# loose irons??



## BigBen88 (Apr 5, 2008)

Ok i got a question, is there any difference between loose irons and normal one's or are they just the same. Im looking to purchase some irons in the future and i seen a nice set of irons I liked but they said loose..... so idk is there a difference, help me lol


~Benito~


----------



## stevel1017 (Apr 30, 2007)

what do you mean loose?


----------



## 373 (Jun 9, 2006)

I'd have the same question about the definition of "loose." If that means the irons aren't a matched set, I'd tend to stay away.


----------



## BigBen88 (Apr 5, 2008)

Callaway X-20 - Steel Shaft - Loose Irons - Dick's Sporting Goods <- right here they say loose irons


----------



## stevel1017 (Apr 30, 2007)

those are to fill out a set, example you can buy a set of Callaway X-20 5 through PW, and then by the single irons to complete the set if you wish.
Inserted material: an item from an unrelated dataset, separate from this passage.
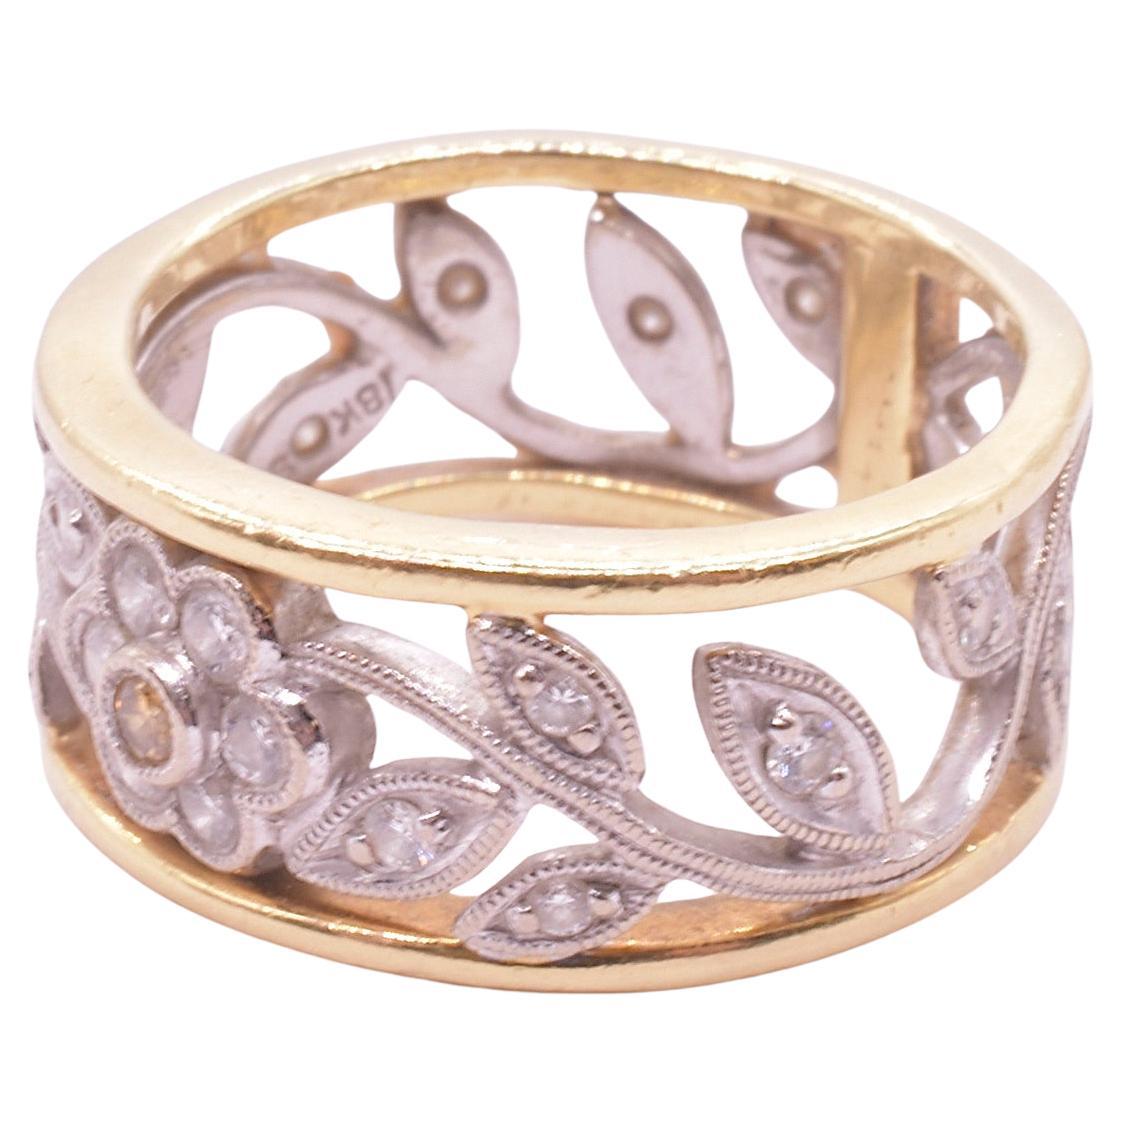 Stylized 18 karat flower band with white and yellow gold accents, our ring has flower stems with carved leaves extending from the vertical gold strip on one side of the band and circling around in each direction to reach the flower 180 degrees

I bought my X-20's 5-PW, because I have a 3 and 4 hybrid. They are the same as the ones in the sets, just not matching serial #'s


----------



## BrianMcG (Apr 7, 2007)

Like Steve said. The term "loose" has nothing to do with the irons themselves other than they are single irons. It is not a whole set.


----------



## BigBen88 (Apr 5, 2008)

oh ok I see now thanks dude


----------